**Work item**
Nothing in the data should change when you return it, but leave the pictures out.

**Provided material**
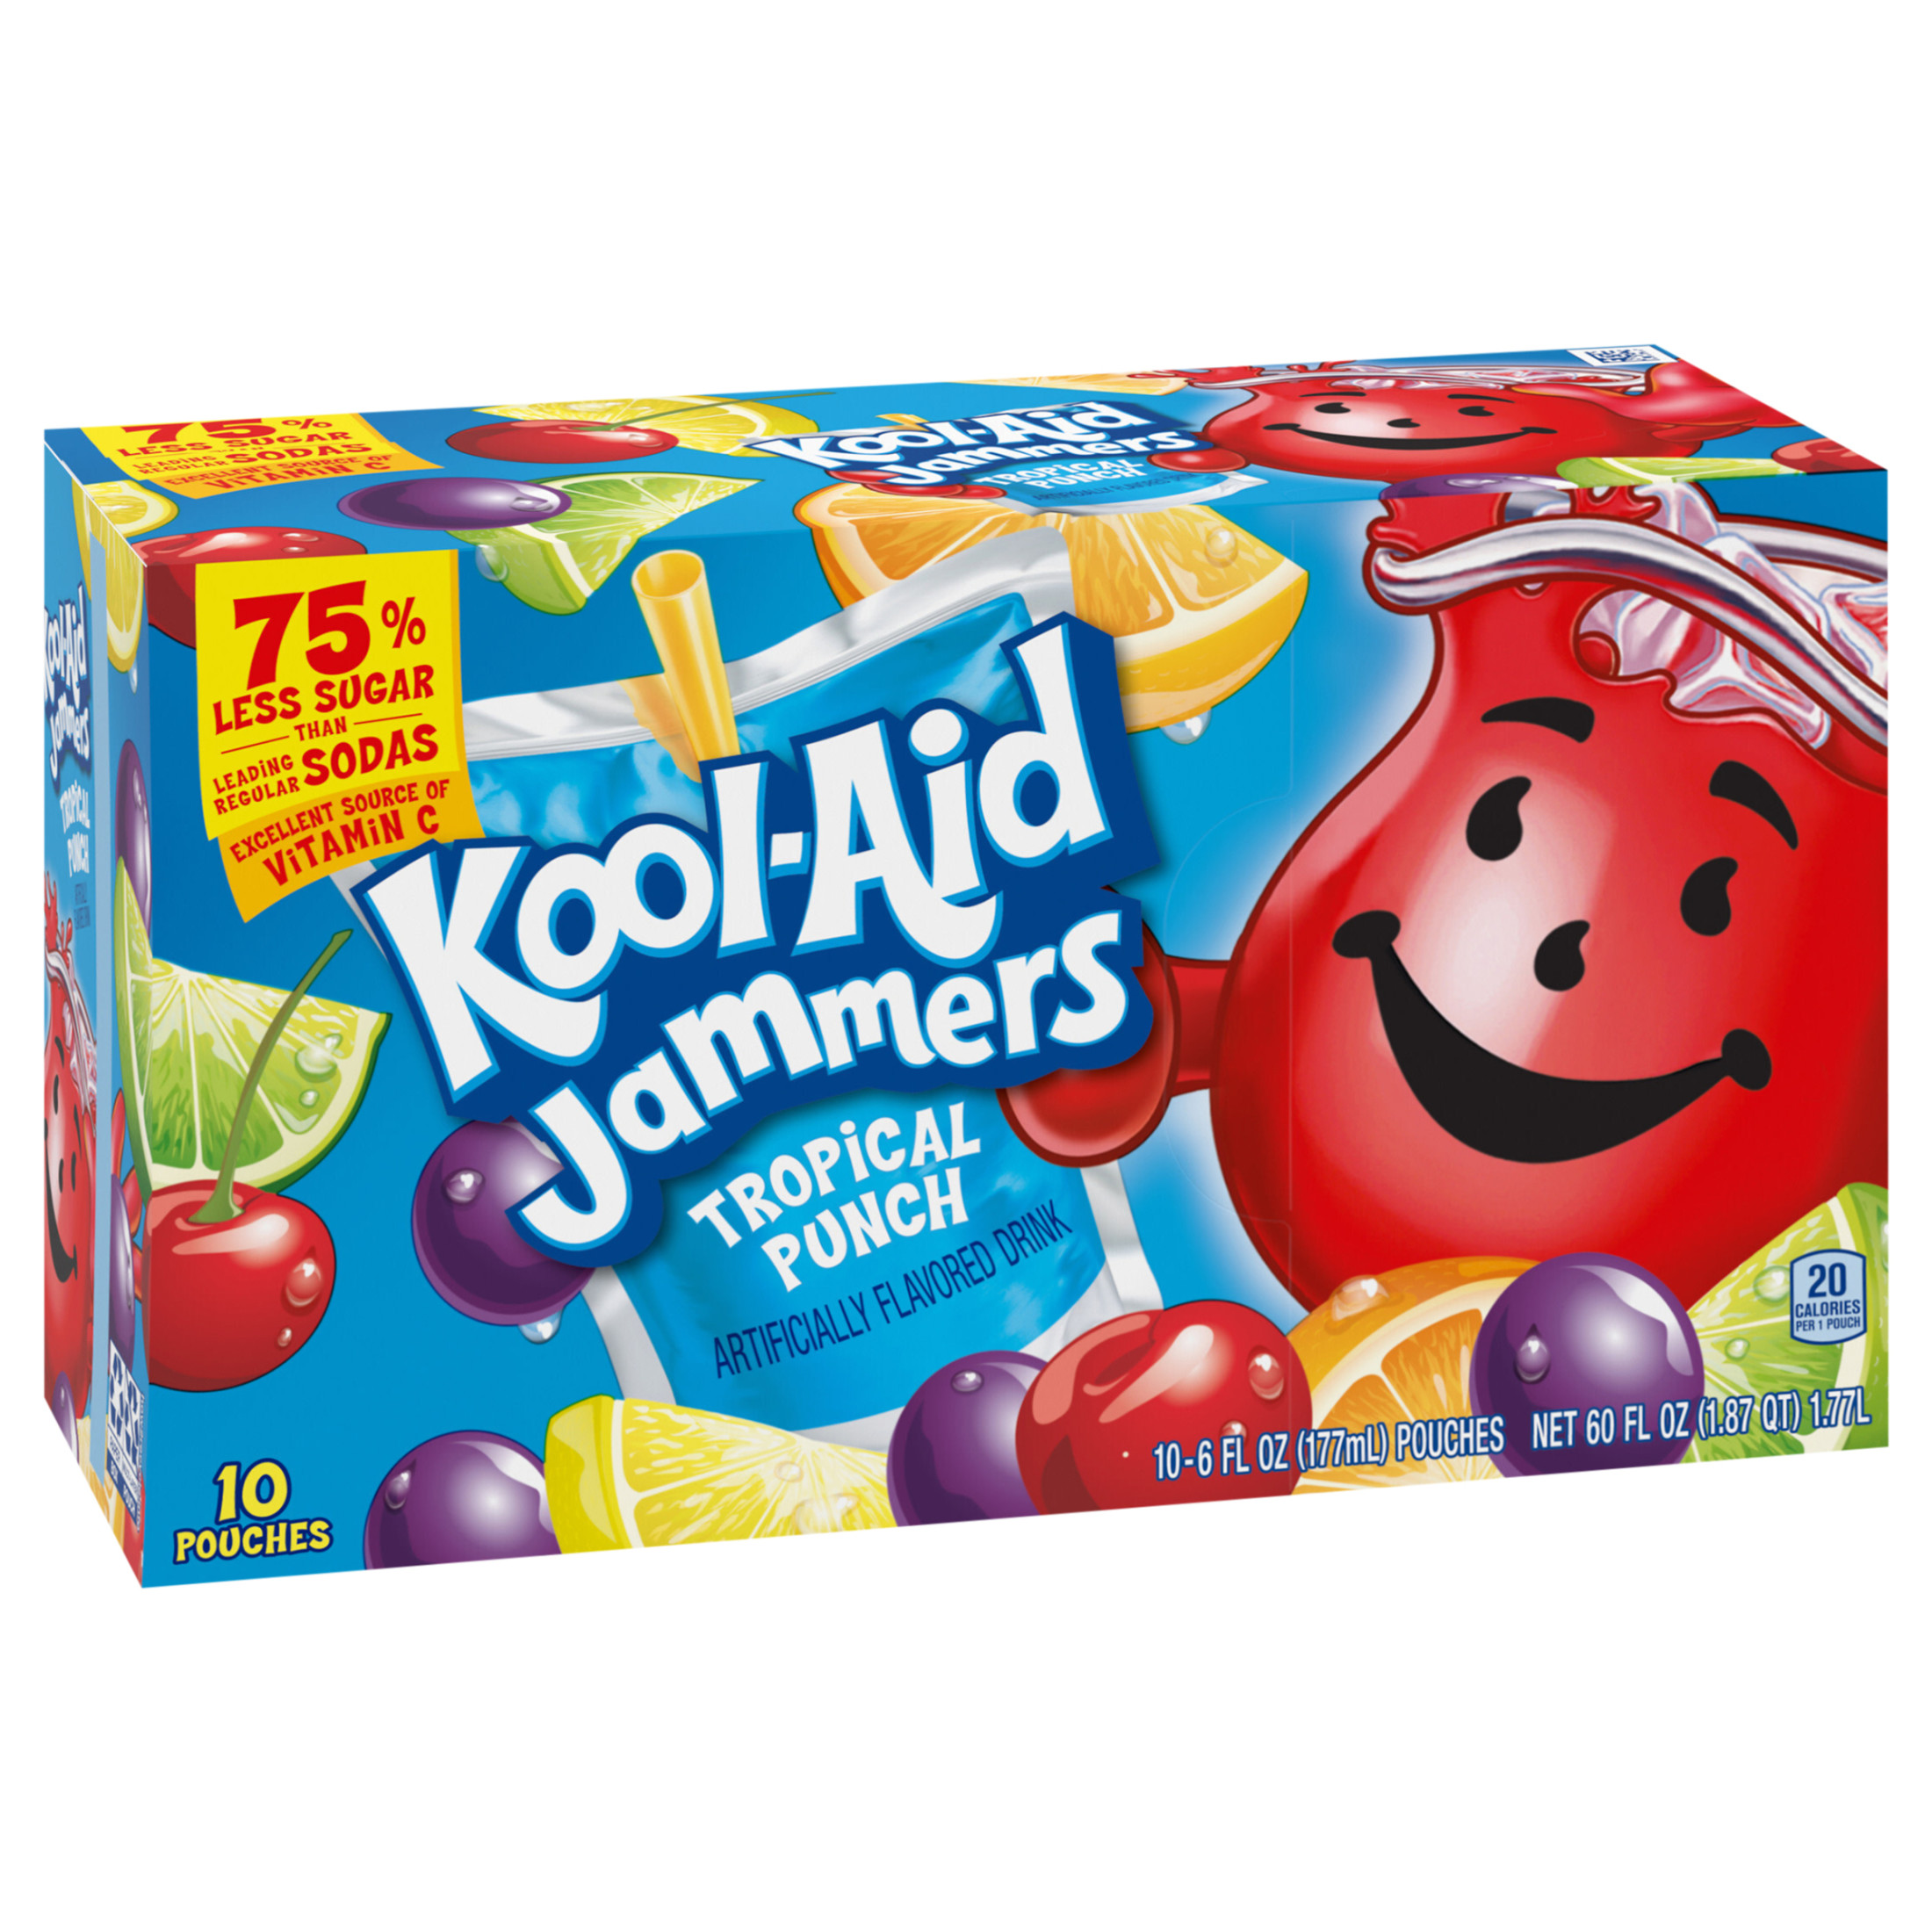 Kool Aid Jammers Tropical Punch Kids Drink 0% Juice Box Pouches, 10 Ct Box, 6 fl oz Pouches - image 4 of 7
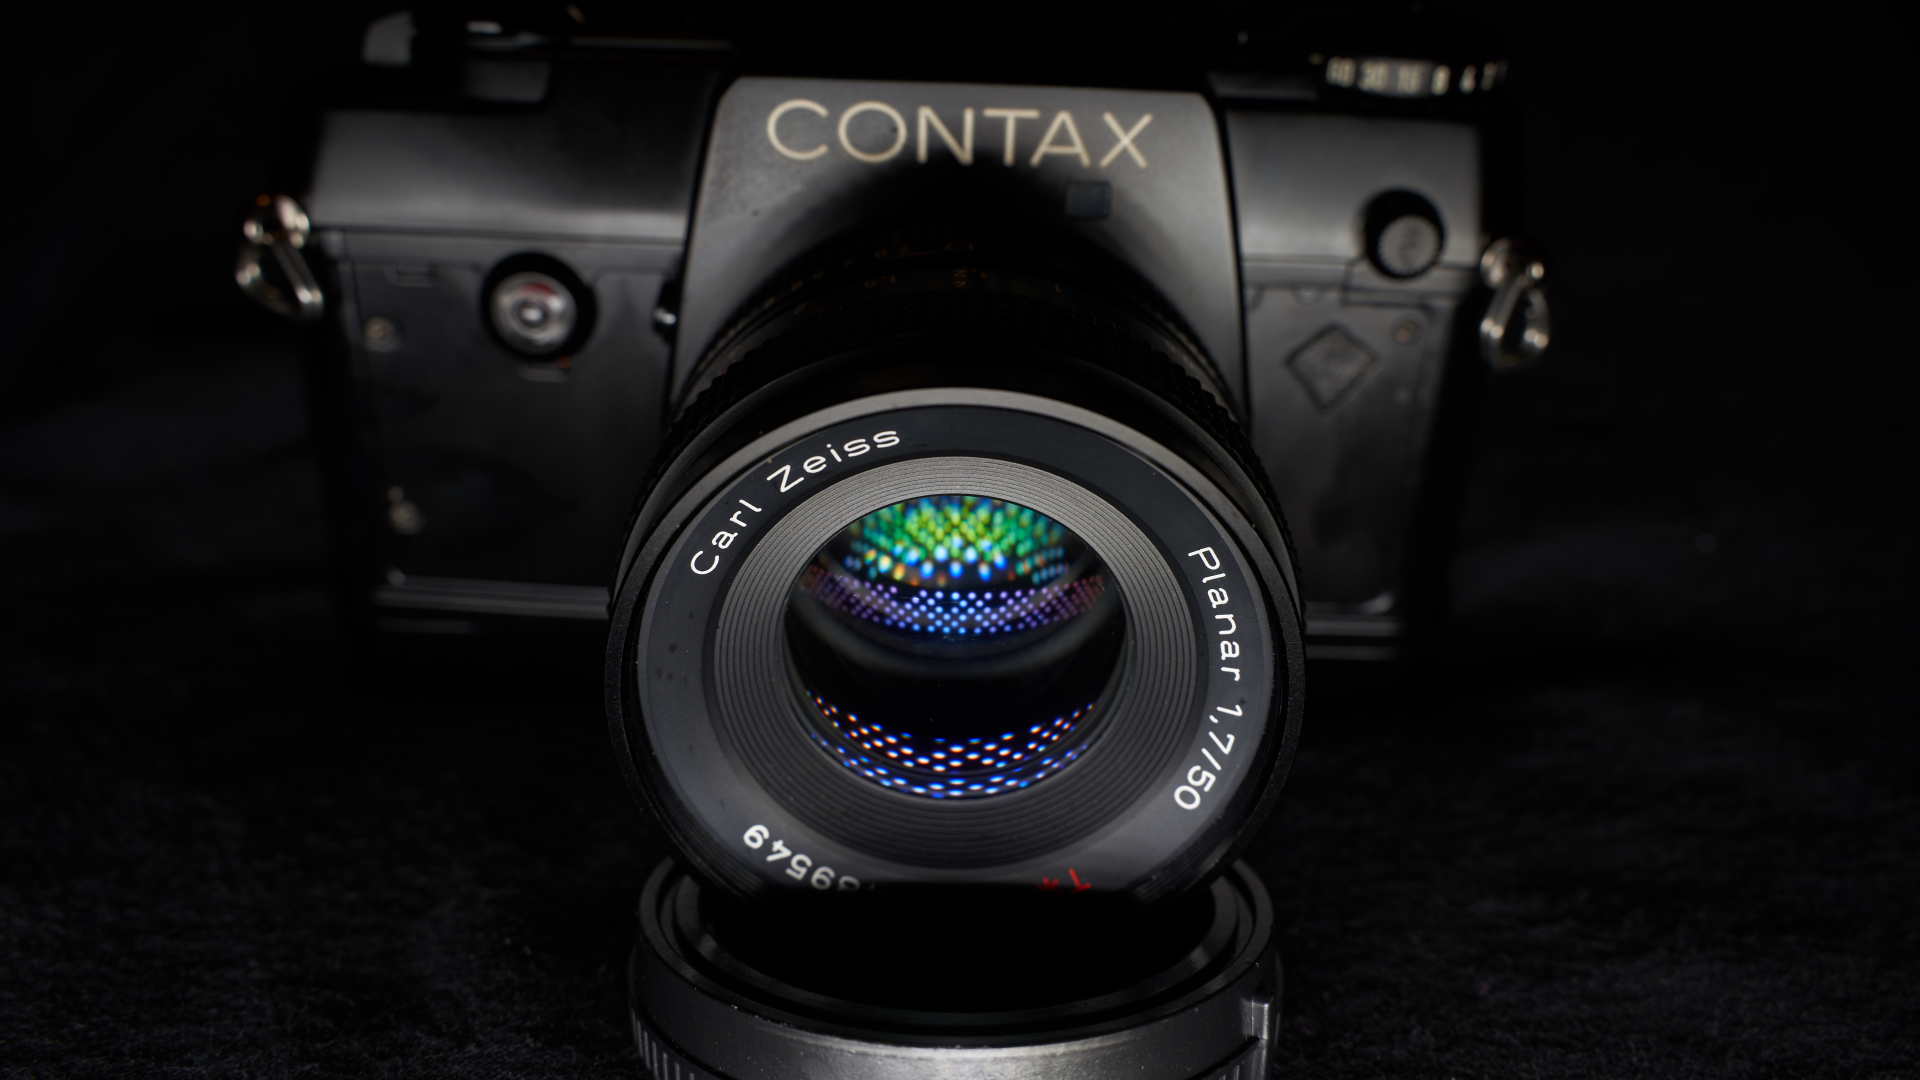 This Old Lens: Contax CY Zeiss Planar 50mm f/1.7 – Eric L. Woods
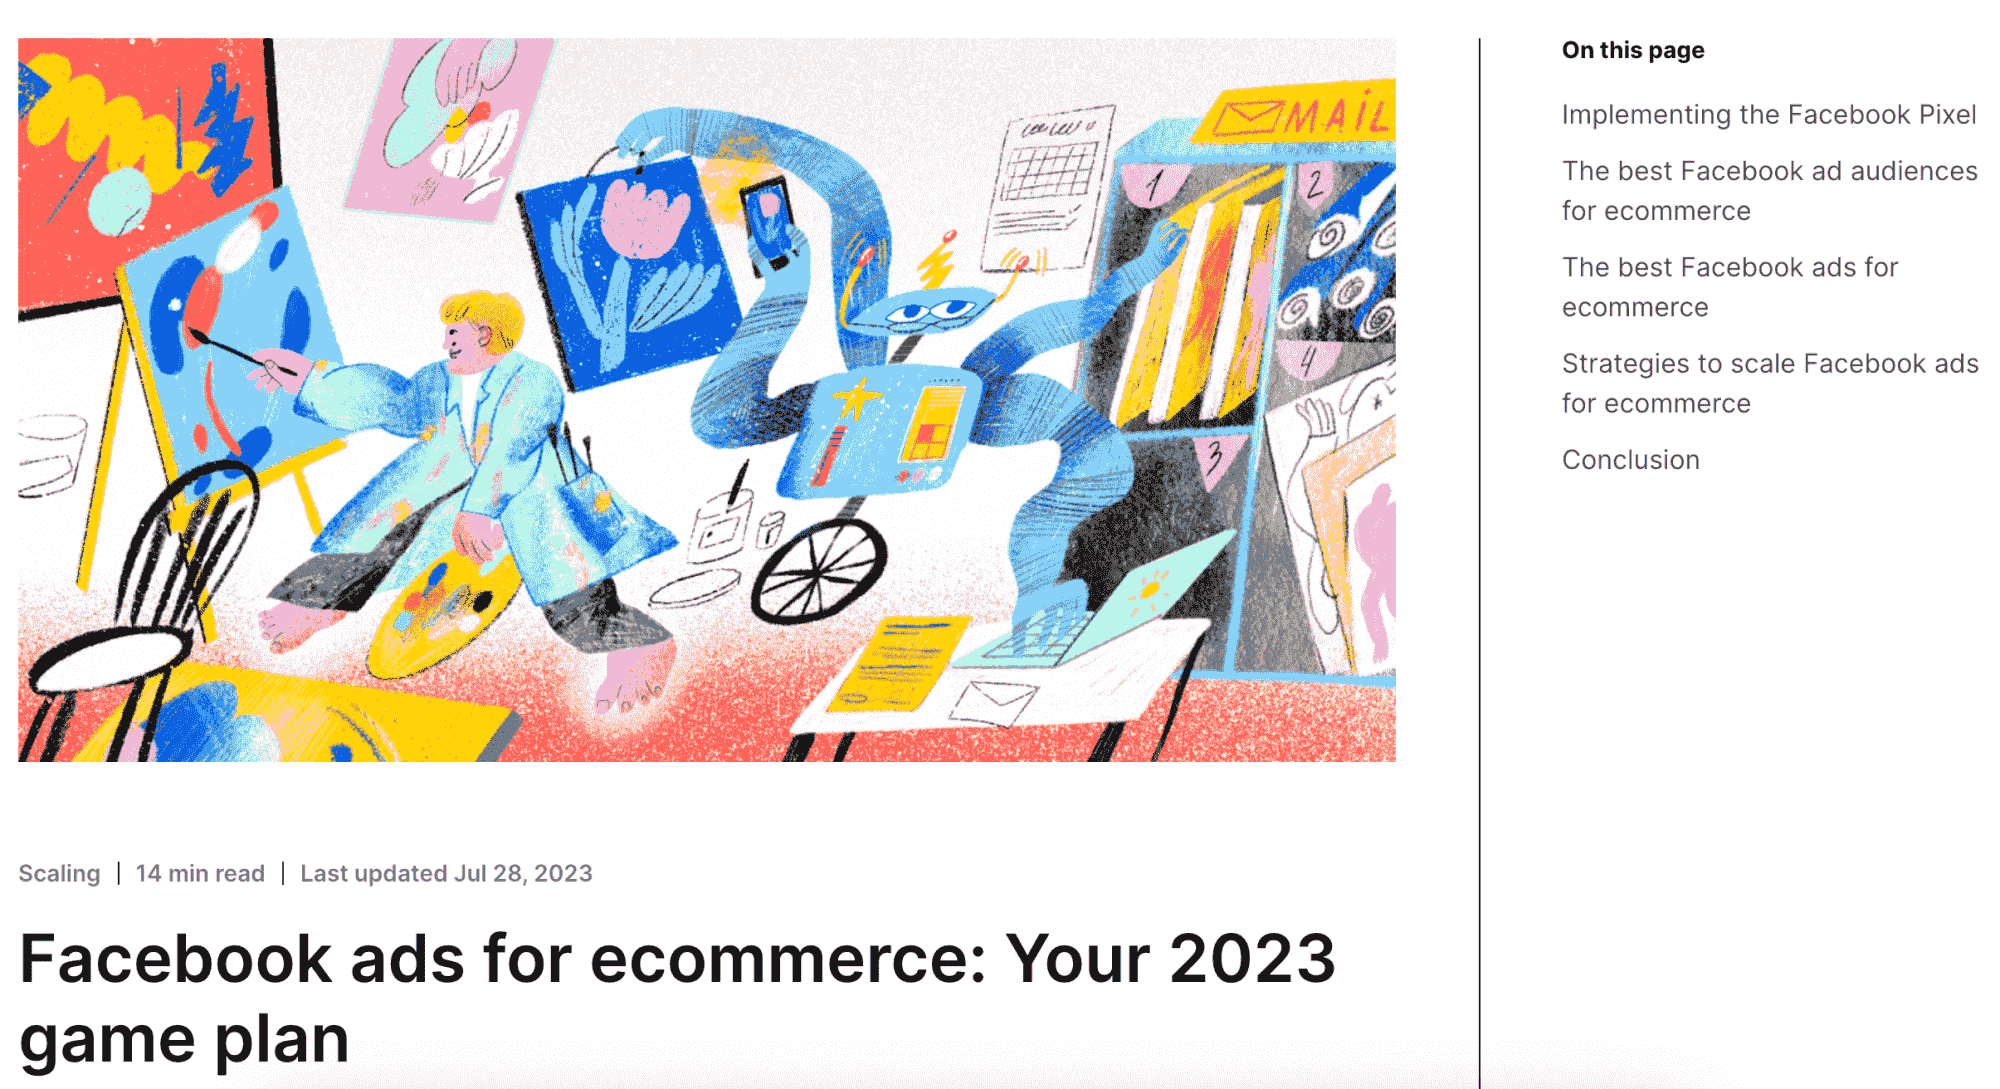 Facebook ads for ecommerce: Your 2023 game plan

**Answer space**
 Kool Aid Jammers Tropical Punch Kids Drink 0% Juice Box Pouches, 10 Ct Box, 6 fl oz Pouches - image 4 of 7
 This Old Lens: Contax CY Zeiss Planar 50mm f/1.7 – Eric L. Woods
 Facebook ads for ecommerce: Your 2023 game plan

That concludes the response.